Controlled burns create healthy prairies

The Natural Land Institute will use controlled burns as it begins its annual “house cleaning” at the Nygren Wetland Preserve.

Fire is a natural process that, for thousands of years, has cleared out unwanted brush and weeds and regenerated native plants to create habitat for wildlife in prairies and woodlands.

Changes to the landscape during the past 150 years, however, have altered the cycle of fires in protected natural areas. Trained ecologists set the fires, which are carefully watched and kept under control. They burn parts of prairies and woodlands every few years, usually in the spring or fall, to release nutrients from burned plants, help seeds to grow by breaking their protective coats and open the woodland floor to sunlight so that native wildflowers can flourish.

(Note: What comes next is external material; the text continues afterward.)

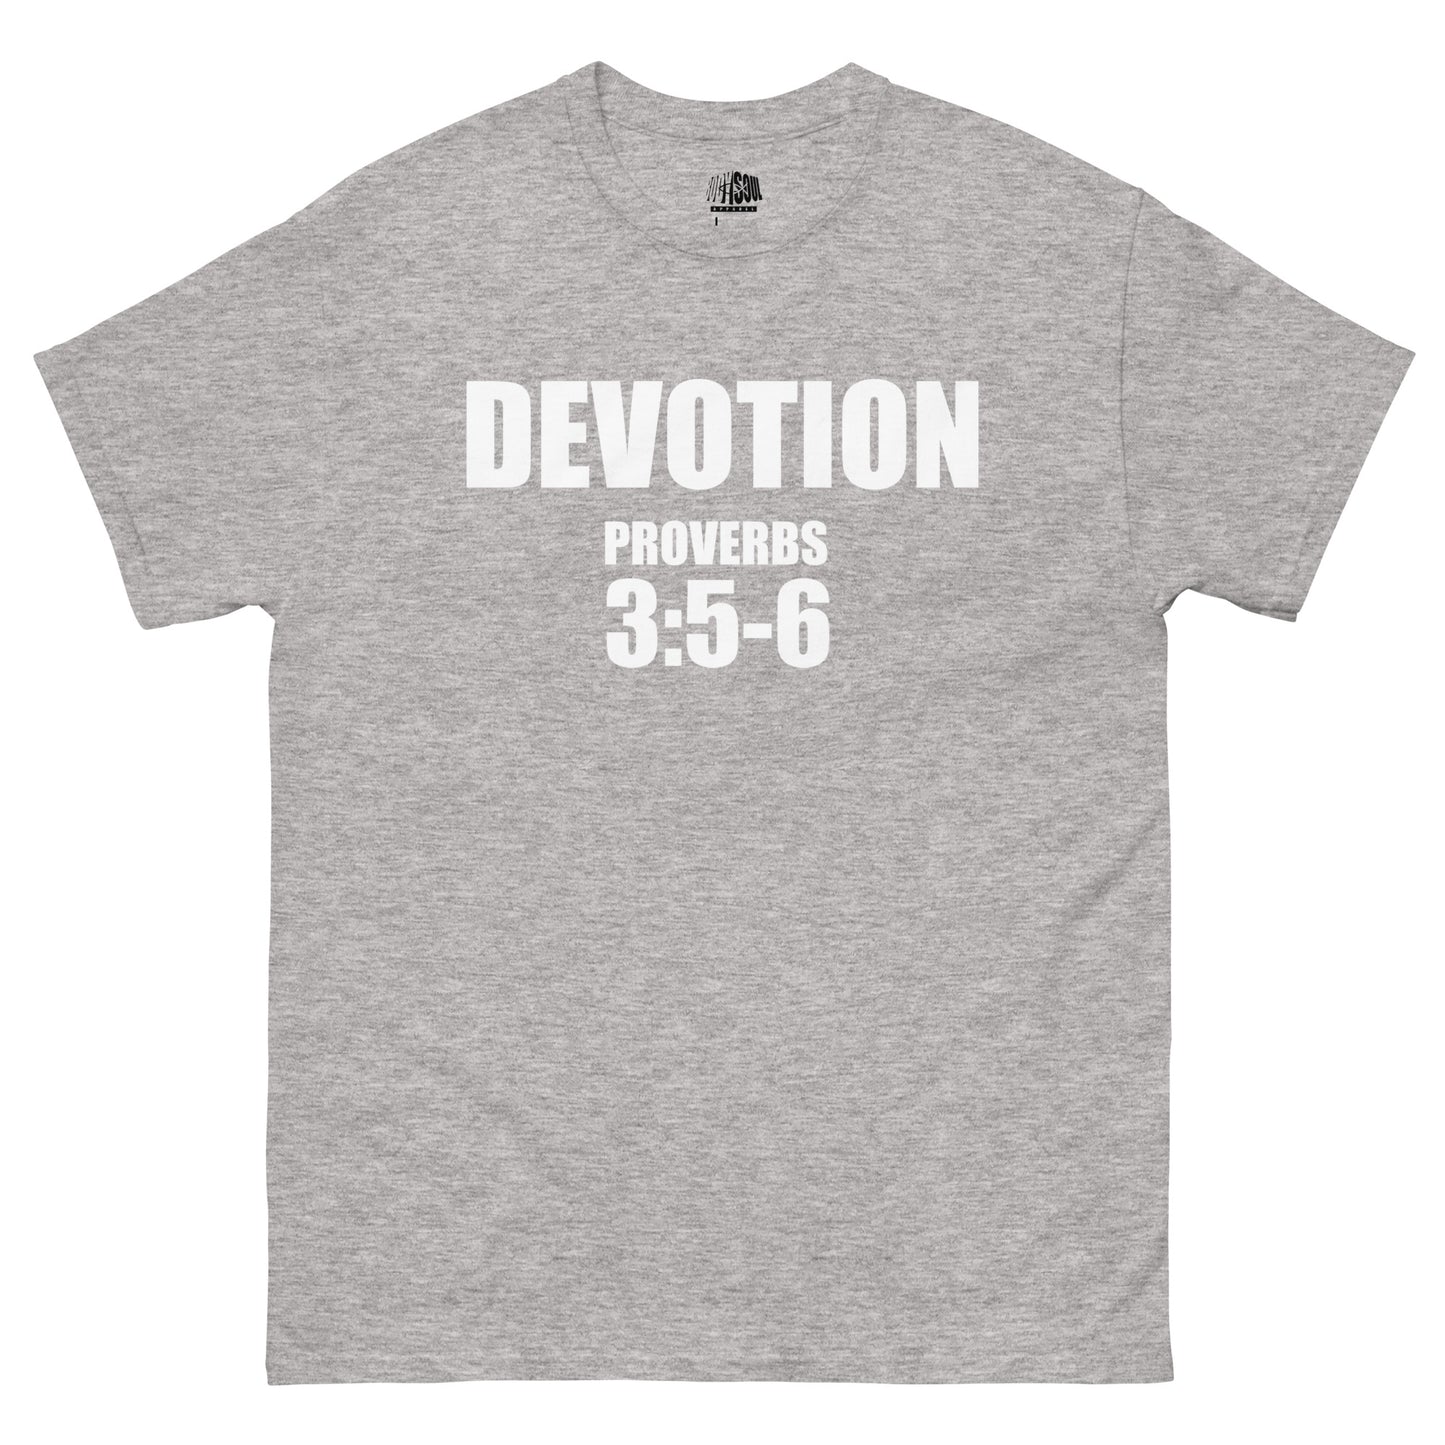 DEVOTION  Proverbs 3:5-6
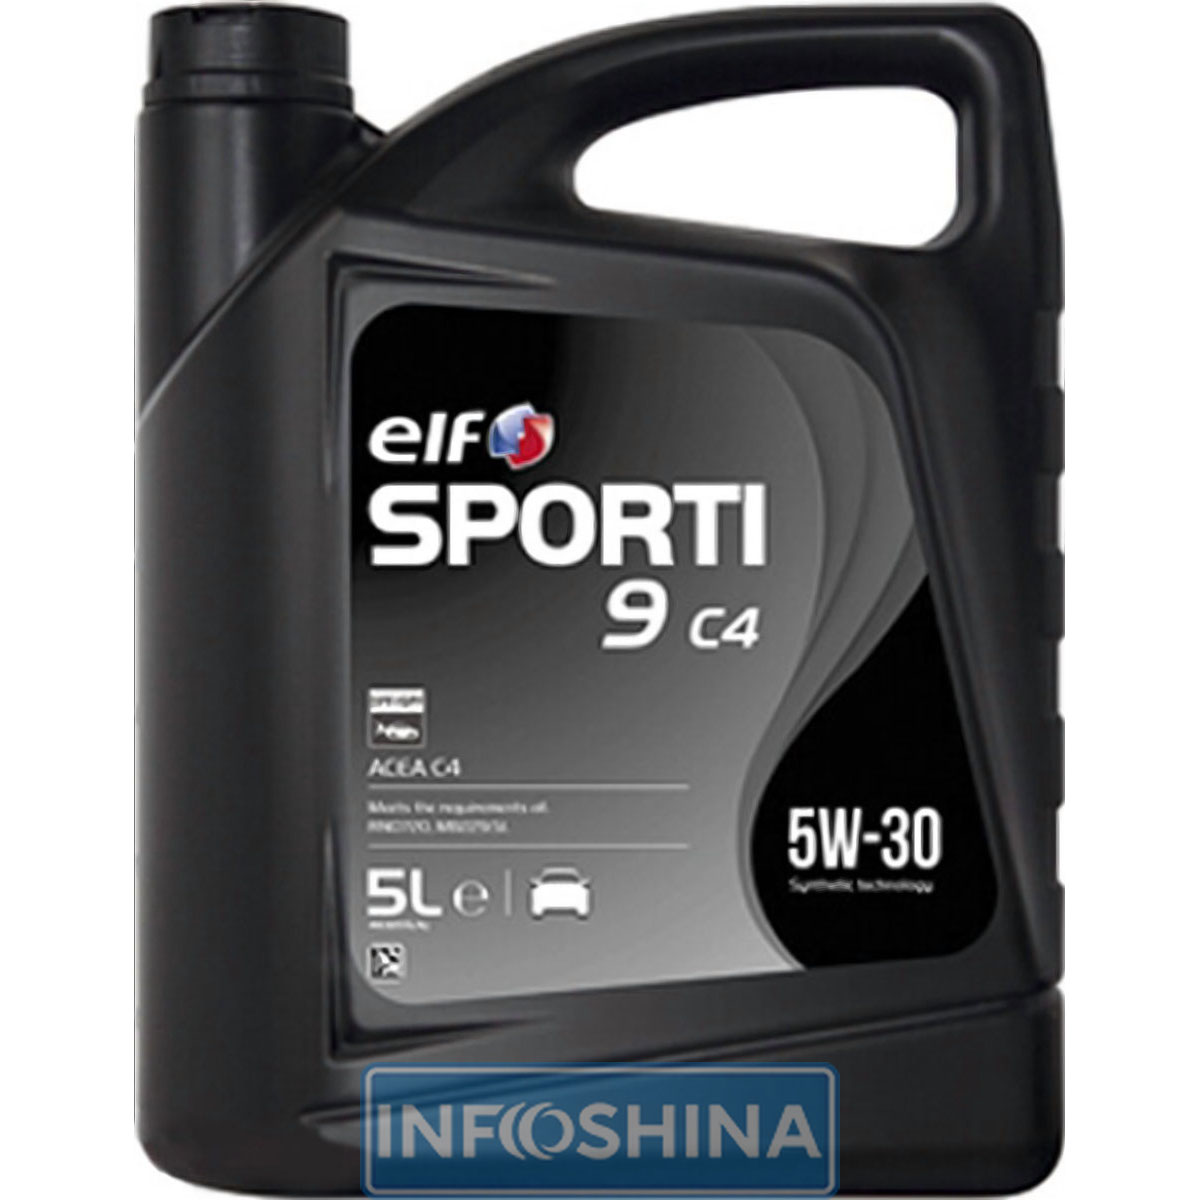 Купить масло ELF SPORTI 9 5W-30 C4 (5л)

This spring, beginning March 29 and continuing through mid-April, the Natural Land Institute will burn selected portions of the 721-acre Nygren Wetland Preserve, about a mile west of Rockton. Other areas slated for controlled burns are portions of the Stone Bridge Nature Trail and Burr Oak Valley Preserve near Roscoe in Winnebago County and the Beach Cemetery Prairie Nature Preserve in Ogle County. Fire is weather-dependent, so trained leaders will make daily determinations about where and when to burn based on wind, humidity and other factors required for safety.

The Natural Land Institute of Rockford is a private, not-for-profit conservation organization that, since 1958, has preserved some of the best prairies, forests and wetlands in northern Illinois. To learn more about the Natural Land Institute’s work and the use of controlled burns, call 815/964-6666.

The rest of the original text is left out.